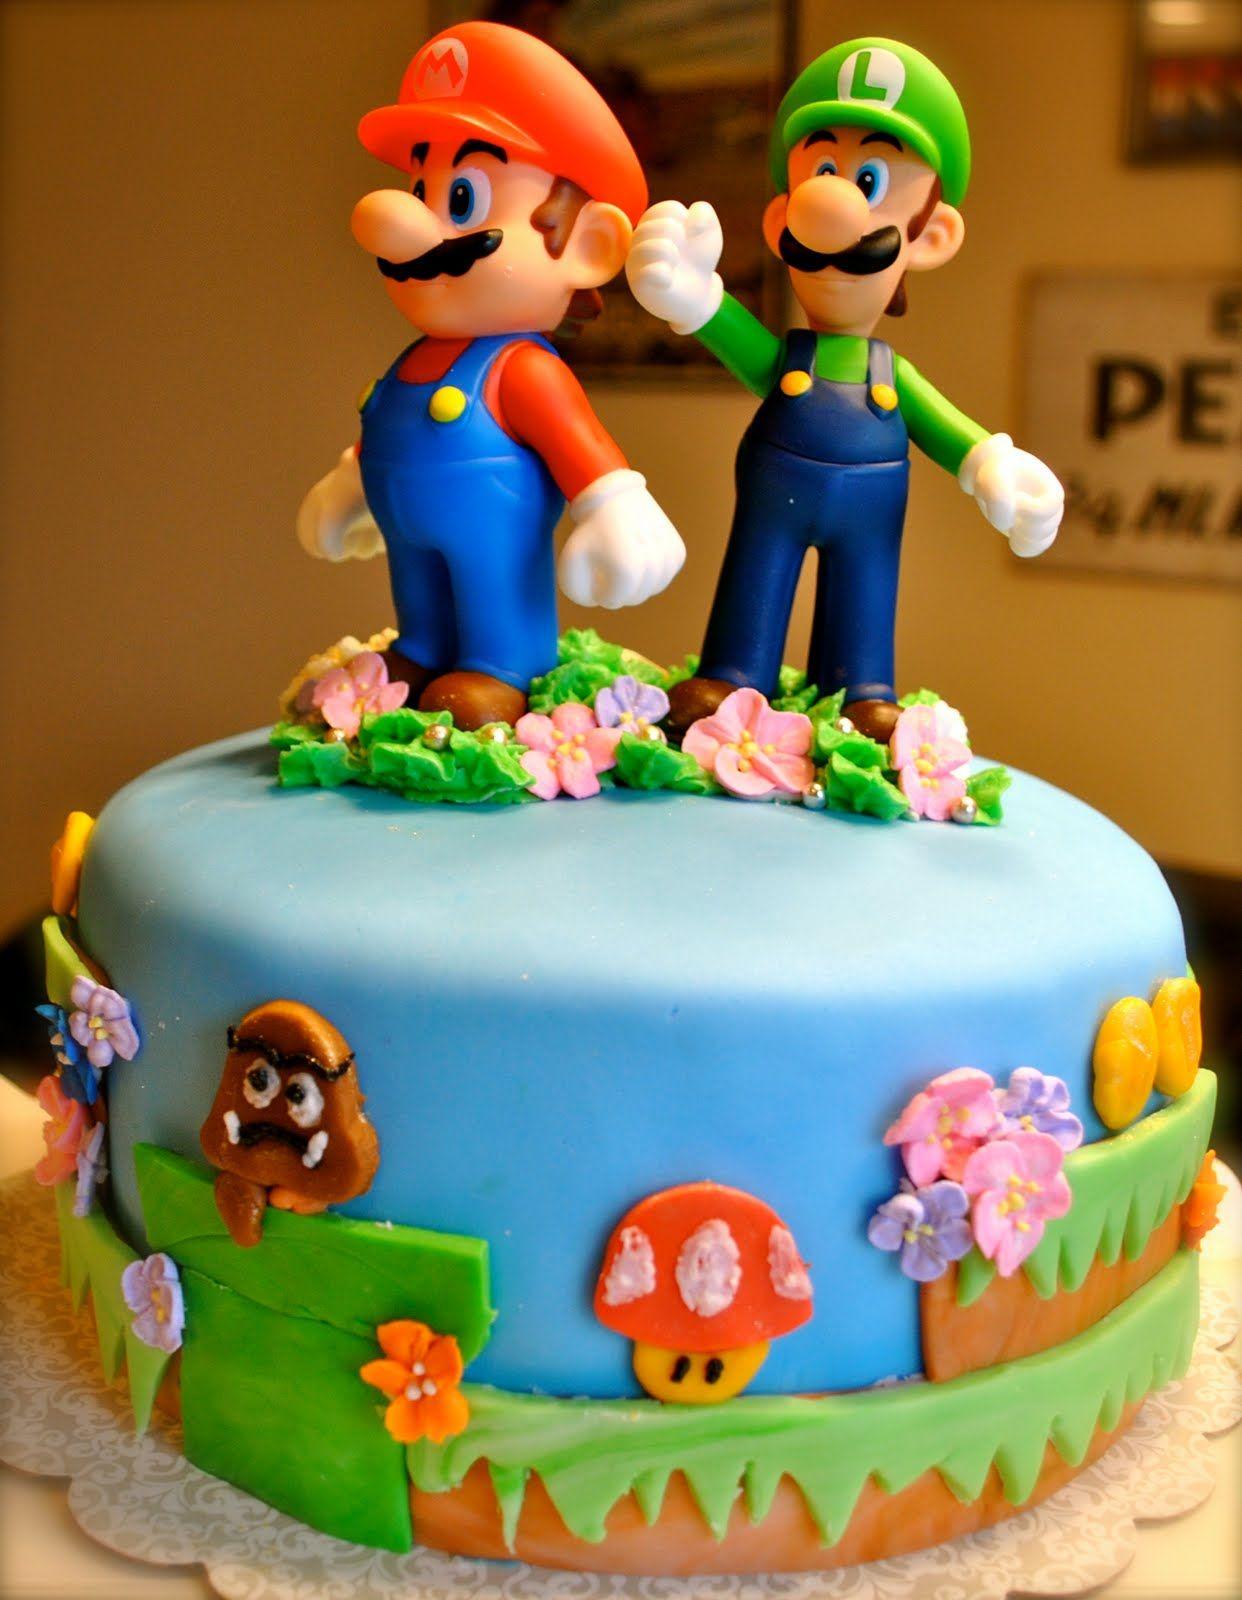 Super Mario Cake Ideas
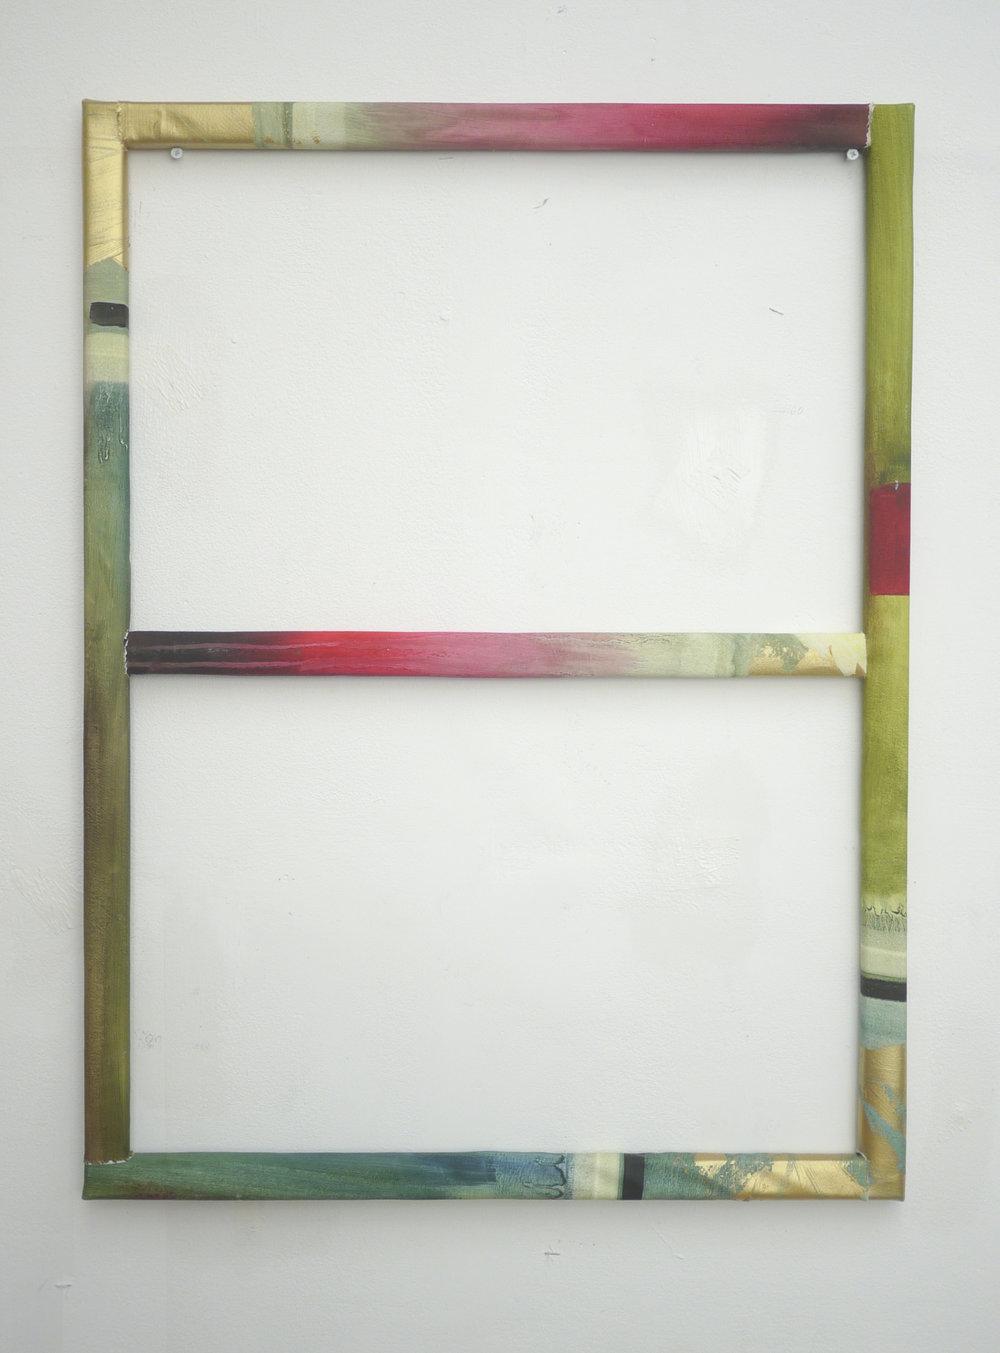 Frame 1 (2017)
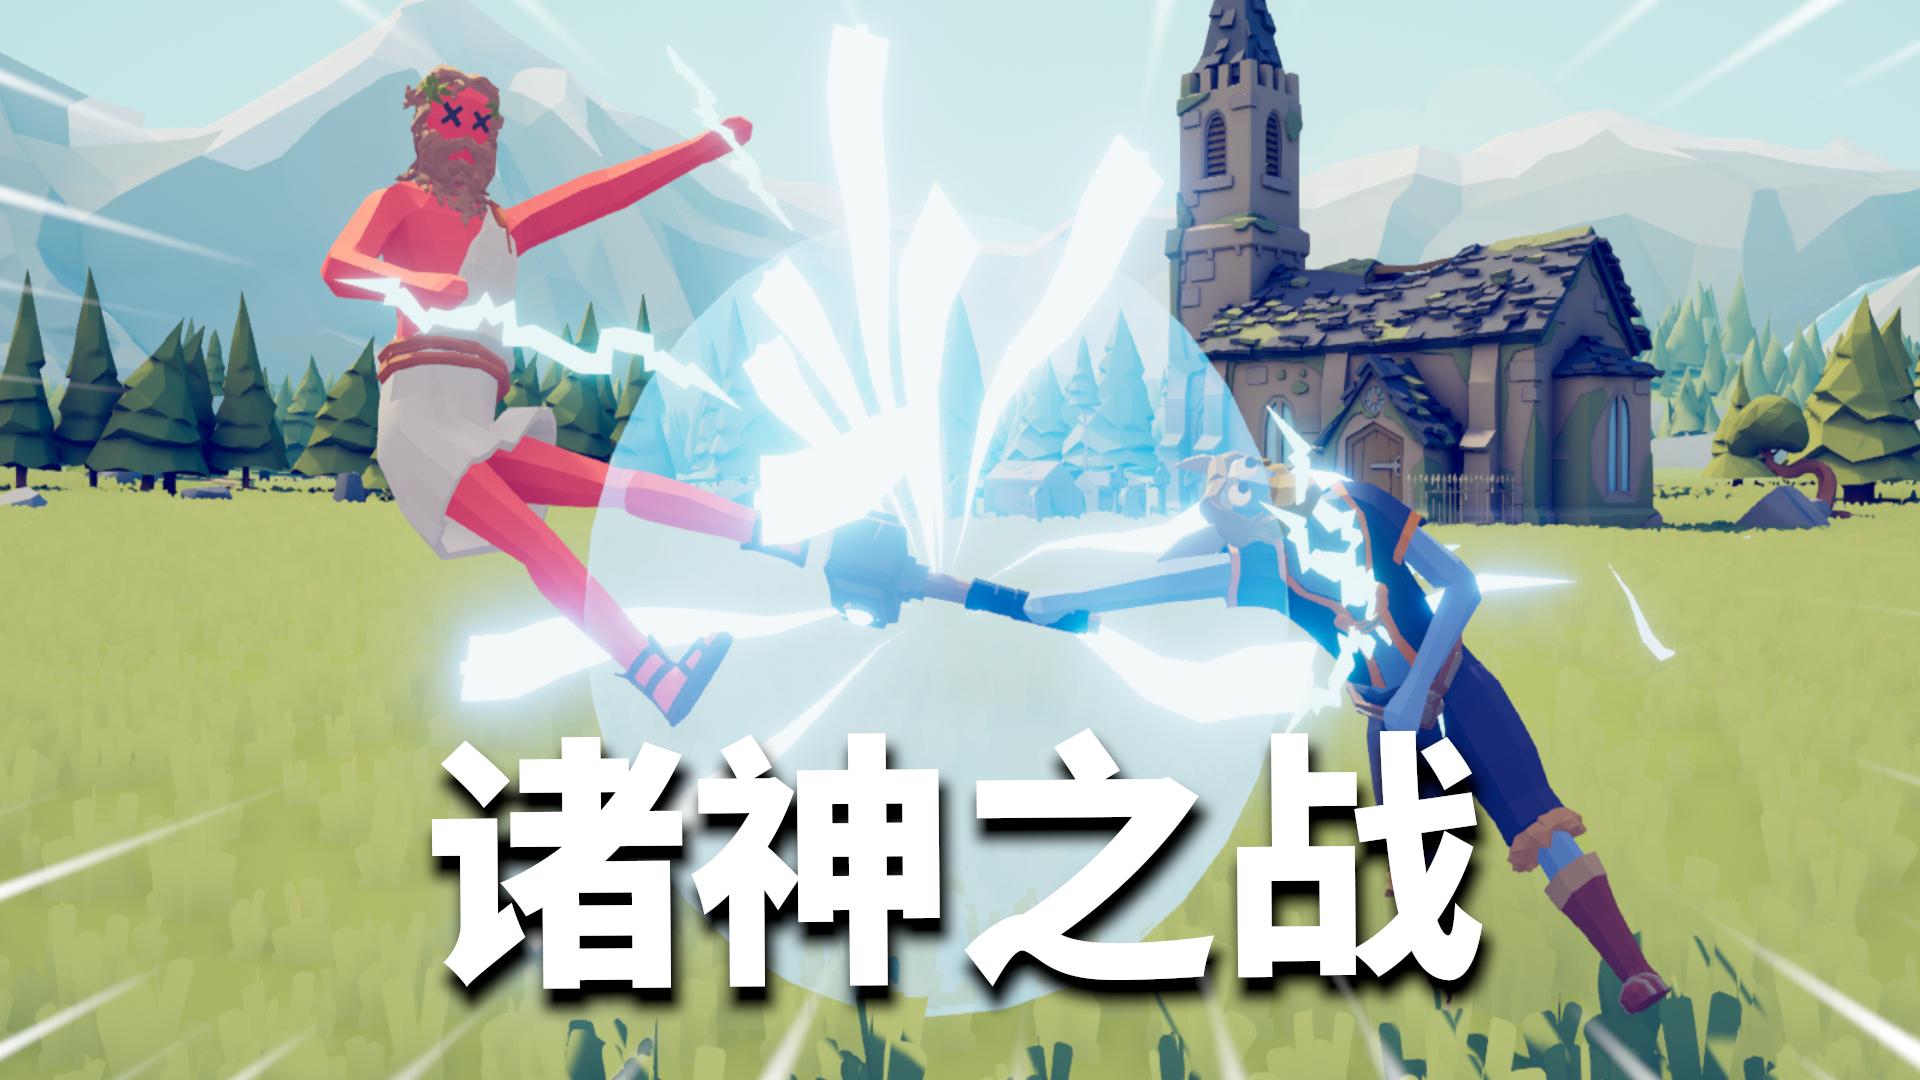 全面战争模拟器遗产派系关卡速通02:谁才是真正的众神之王?

What the task requires >> Give the listing again exactly, but omit each image.

Exercise result >>
 Super Mario Cake Ideas
 Frame 1 (2017)
 全面战争模拟器遗产派系关卡速通02:谁才是真正的众神之王?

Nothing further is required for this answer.